A low tightening force composite metal seal that integrates a rubber O-ring seal on the outer periphery of a metal seal that can be inserted into the O-ring seal groove. A low clamping force composite metal seal in which the rubber O-ring seal according to claim 1 is made of a perfluoroelastomer specialized for high temperature resistance or a perfluoroelastomer containing an elastic reinforcing material. A low tightening force composite metal seal, wherein the metal seal according to claim 1 is made of substantially pure Ni.
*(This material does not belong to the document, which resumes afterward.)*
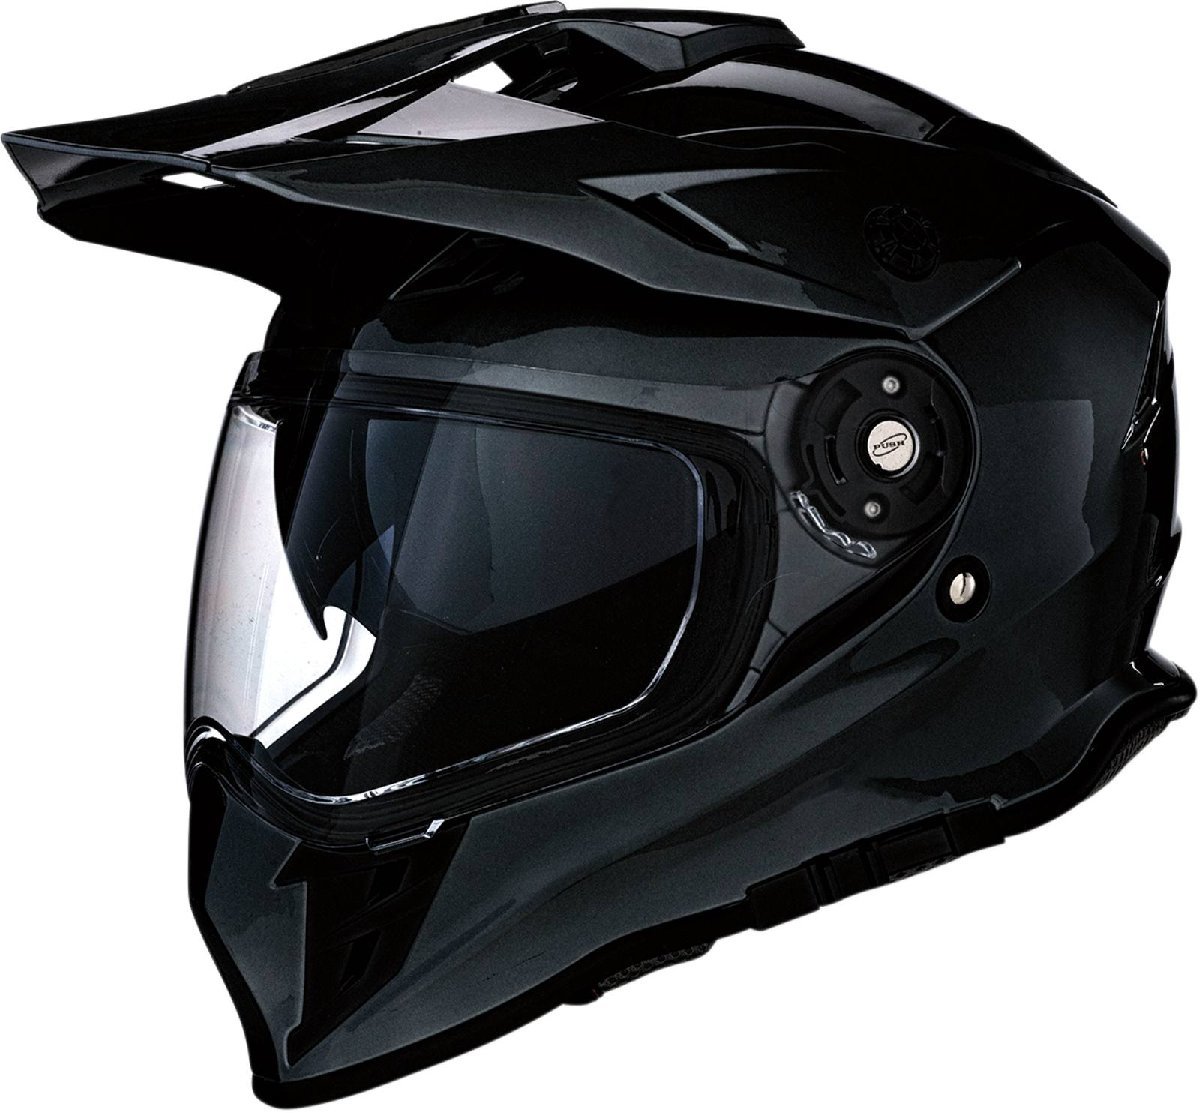 Lサイズ - ブラック - Z1R Range デュアルスポーツ ヘルメット

The low clamping force composite metal seal according to claim 1, claim 2, or claim 3 has a low clamping force in which a part of the rubber O-ring seal is included in the metal seal, and the shape of the rubber O-ring seal determines the elastic force of the metal seal. composite metal seal A low tightening force composite metal seal in which the elastic force of the entire metal seal is optimized by the proportion of the area where a part of the surface of the rubber O-ring seal contacts the metal seal according to claim 4. A film forming apparatus using the low tightening force composite metal seal according to claim 1, claim 2, claim 3, claim 4, or claim 5. An etching apparatus using the low clamping force composite metal seal according to claim 1, claim 2, claim 3, claim 4, or claim 5. An analysis device using the low tightening force composite metal seal according to claim 1, claim 2, claim 3, claim 4, or claim 5. Exhaust gas abatement device using the low tightening force composite metal seal according to claim 1, claim 2, claim 3, claim 4, or claim 5. A gas exhaust pump using the low tightening force composite metal seal according to claim 1, claim 2, claim 3, claim 4, or claim 5.